Guy-Blaché was one of the earliest filmmakers to realize the storytelling potential of movies. When brothers Auguste and Louis Lumière started presenting films to public audiences, their subjects were such mundane situations as workers leaving the Lumière factory after their shifts ended. Guy-Blaché’s debut was The Cabbage Fairy (1896), a fantasy where a woman picks babies out of cabbages.

But before we credit her with being the mother of narrative film, Green cautions, “I always am careful with firsts because I don’t know who did what first. I know she’s the first female filmmaker. I know she’s in it with all these other pioneers. She’s editing. She’s coloring. Can I say that she’s the first? No.

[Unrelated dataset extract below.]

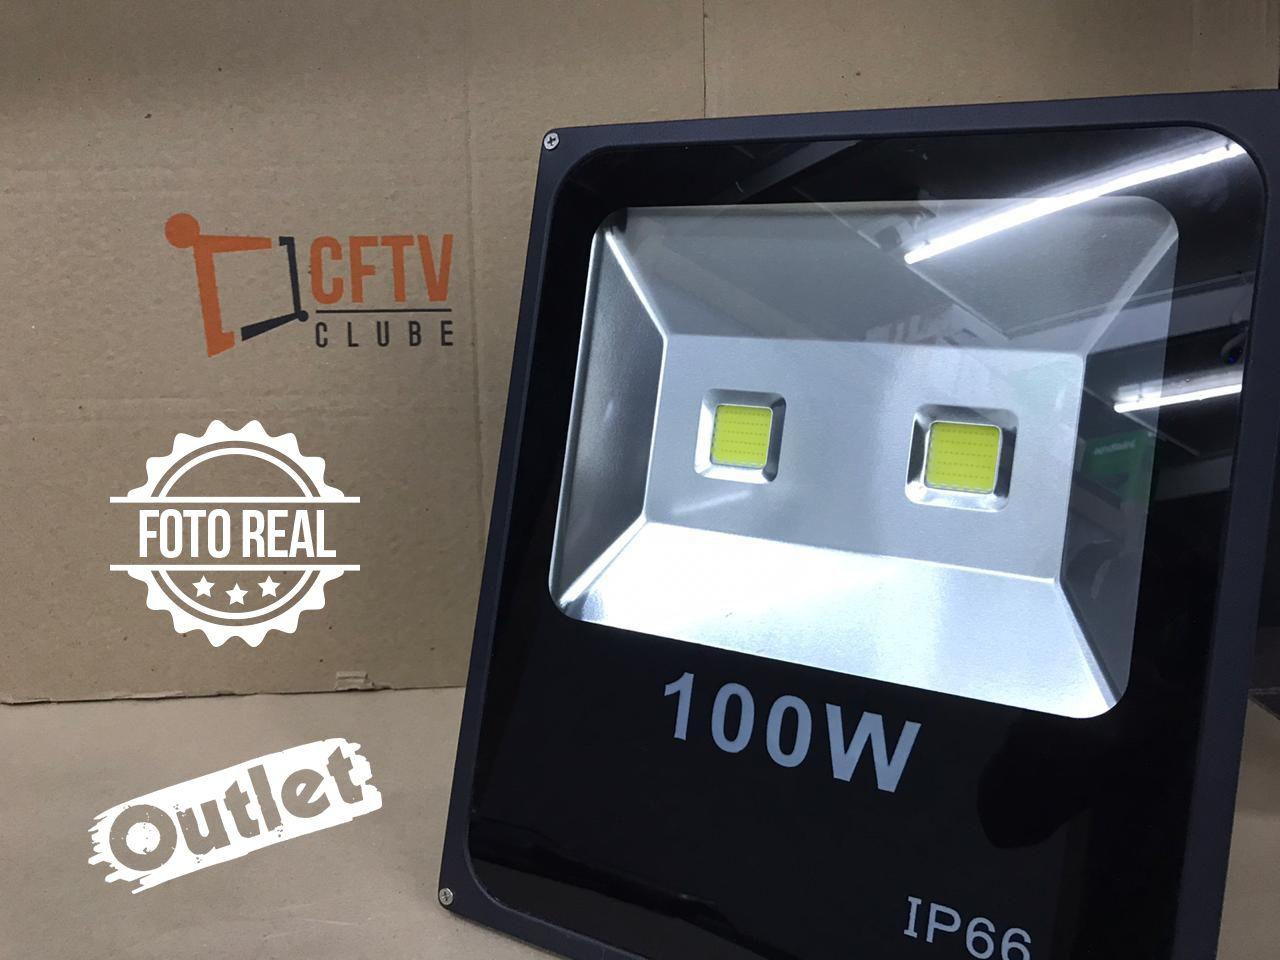 Outlet - Refletor de LED 100w Externo IP66  - CFTV Clube | Brasil

“First is dangerous. It doesn’t mean anything. There are many people who are first, and then you never hear from them again. She’s so much more. She had a 22-year-career. She wrote, directed and produced and had her own studio. That’s insane. Most people in Hollywood now would not have a 22-year career.”

THE BEGINNING OF A GREAT ADVENTURE

Capturing that career and the filmmaker’s long life (She died at 94 in 1968) in a 103-minute documentary is probably an impossible challenge. But just as Guy-Blaché refused to take movies in a mundane direction, Green approaches her subject in a creative manner. She works at the PIC Agency, which has helped design titles for everything from Supergirl to Quantico.

Be Natural features animated maps that follow Green and her associates as she travels the globe looking for films, background materials and surviving relatives of the cinema pioneer. While the movie does provide archived interviews with Guy-Blaché and has clips of her work, the quest itself becomes part of the film. After all, Guy-Blaché’s work is in archives all over the world, and she lived and worked in France, New Jersey and Los Angeles.

“It’s accurate, but it’s more accessible to a wider audience,” she says. “It’s more like Indiana Jones or archaeology in a way, dealing with a subject that most people wouldn’t find interesting unless it was done in a way that was more entertaining.”

Green also had to find ways to describe the technology that Guy-Blaché mastered in a way that people who have long forgotten it can grasp. Be Natural convincingly compares the movies that Guy-Blaché and the Lumière brothers made to early offerings on YouTube, where people with new technology had to write the rules of it as they went along.

“To me, that’s what they looked like,” says Green. “All these historians would say, ‘You can’t do that! That’s a totally different medium. You can’t compare it to that.’ I said ‘Why not? It’s exactly the same thing, just done earlier.’ It took a while for people to absorb a new way of looking at early cinema because it hasn’t really been explored outside academic historians who have been gatekeepers. So I wanted a fresh perspective that was much more accessible. I could never yank her out of early cinema, but I could make her more accessible.”

What does make Guy-Blaché’s films worth digging up is that she, like Charlie Chaplin and Mary Pickford, learned actors didn’t have to project their emotions for the camera like they did on the stage. On the wall in big letters of the Solax studio, the director commanded that her thespians “Be Natural.”

Green unearthed this fact in an interview with actor who had worked at Solax.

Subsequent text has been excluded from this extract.